Circulating tumor cells (CTCs) are cells that are separated from the primary tumor, move through the bloodstream, and spread from the original tumor to other sites, causing cancer metastasis. CTCs are present in the peripheral blood of cancer patients, and their detection helps in elucidating the process of metastasis. Unlike other blood cells, the number of blood CTCs is very low, and they are difficult to detect. Morphologically, CTCs are of two types: singular CTCs and clustered CTCs. The potential for persistent existence is greater in clustered CTCs, which is a predictor of poor prognosis [1,2]. Clinical biomarkers such as tumor markers and features of radiological diagnosis are surrogate markers for detecting clustered CTCs [2]. It is well known that cancer metastasis often occurs via clustered CTCs [3], and they have a metastatic nest formation ability that is more than 10 times higher than that of a singular CTC [4].

In the past, metastasis was thought to be caused by tumor cells that are transformed into the single-shot mesothelium type due to epithelial–mesenchymal transition (EMT) [5]. CTCs that become resistant to drug treatment certainly have a very high appearance of markers in the mesenchymal system, and they show an epithelium appearance [6]. This phenomenon was difficult to explain by previous concepts. Therefore, the concept of hybrid EMT was proposed. Its characteristics are as follows: (1) the cluster-forming ability of CTCs is high [7,8], (2) they survive for a long period of time [9], (3) they have the characteristics of stem cells [10], (4) they have a high tumor-forming ability [11], and (5) they remain in a cluster while moving in capillaries [12]. A study explored CTC morphology by amplifying CTCs by short-term culture and revealed that tight clusters are less likely to appear depending on the therapy and that the prognosis of patients with tight clusters is poor [13]. In another study using real-time polymerase chain reaction (rt-PCR) to explore the DNA characteristics of CTC clusters, it was found that the frequency of the DNA appearance of the epithelial system was low, and the frequency of the DNA appearance of the mesenchymal system was high [14].

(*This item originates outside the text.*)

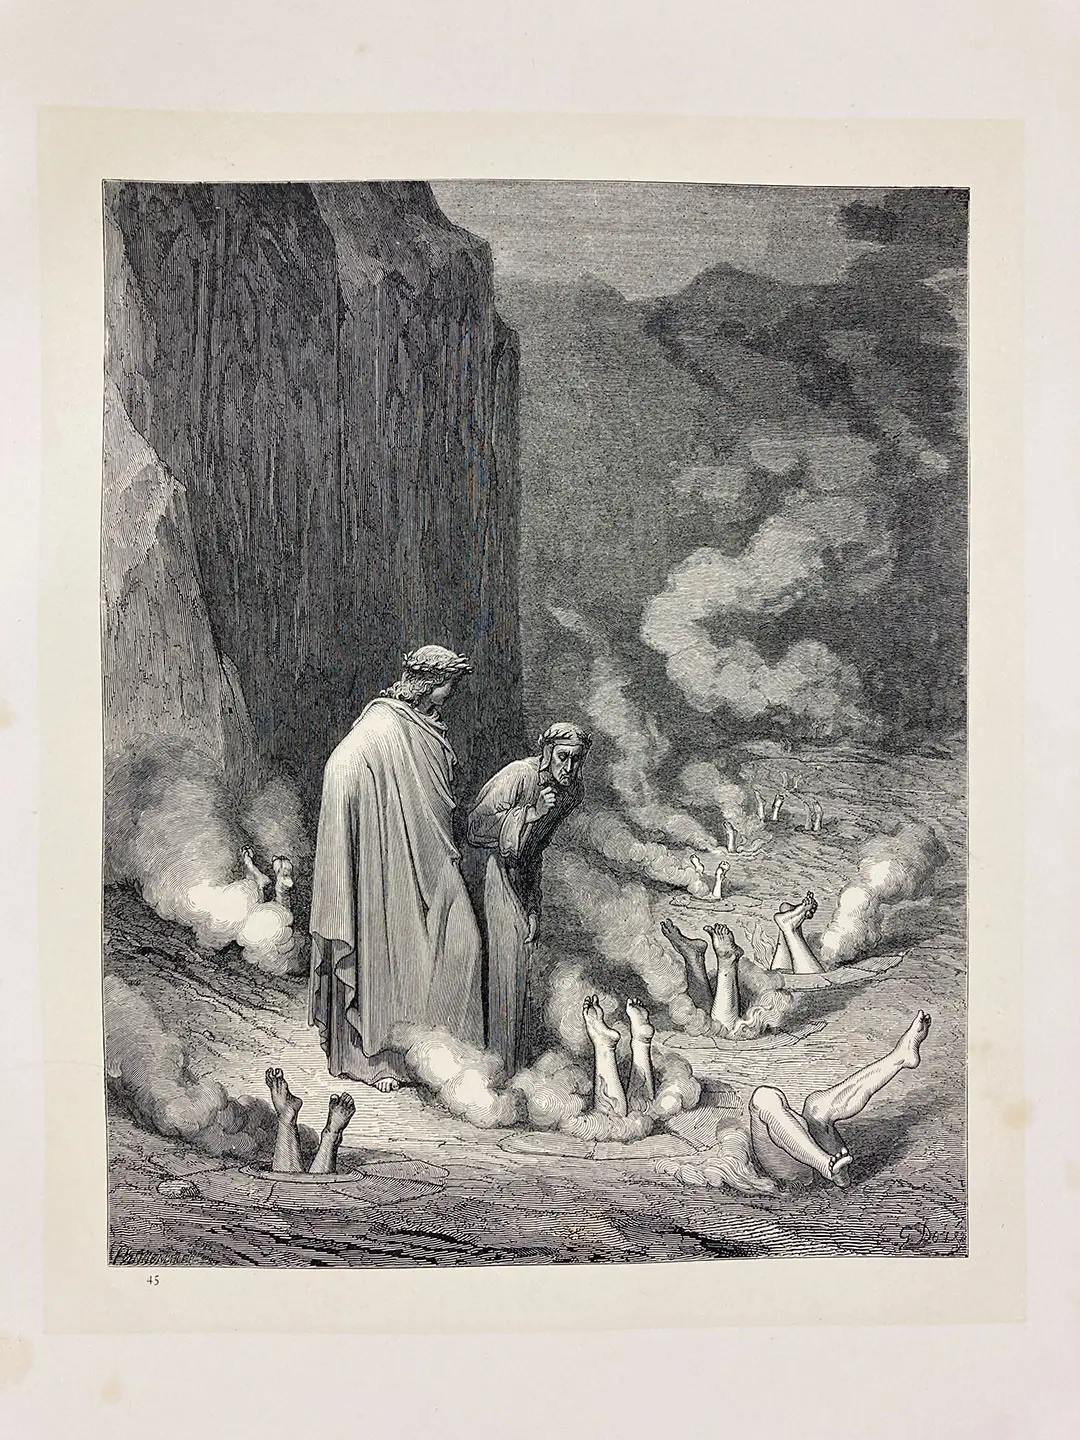 The vision of hell by Dante Alighieri

A singular CTC often undergoes apoptosis when it is away from the tumor’s microenvironment, which is unlikely to lead to recurrence [4]. Clustered CTCs, on the other hand, have stem cell-like elements that make them unlikely to undergo anoikis, and they therefore circulate throughout the body for a long period of time [6,7,8,9,10,11,12]. It is thought that CTCs become a recurrent lesion when they are deposited in a microenvironment that is suitable for tumor formation. Thus, the clinical implications of CTCs vary by diagnosis (cytology), the monitoring of therapy (cell counts and morphology), and the providing of samples for molecular diagnosis (next-generation sequencing: NGS; immunohistochemistry: IHC, if scant; amplification by short-term culture). CTC extraction and identification methods include size-selection methods such as chips and meshes, specific gravity methods, positive selection methods using epidermal antigens as indicators, and gene detection methods such as RT-PCR, etc. [15], which could be selected appropriately in order to take the assessment of CTCs from the laboratory to the cancer clinic.

The exploration of CTCs shall contribute to the improvement of cancer treatment.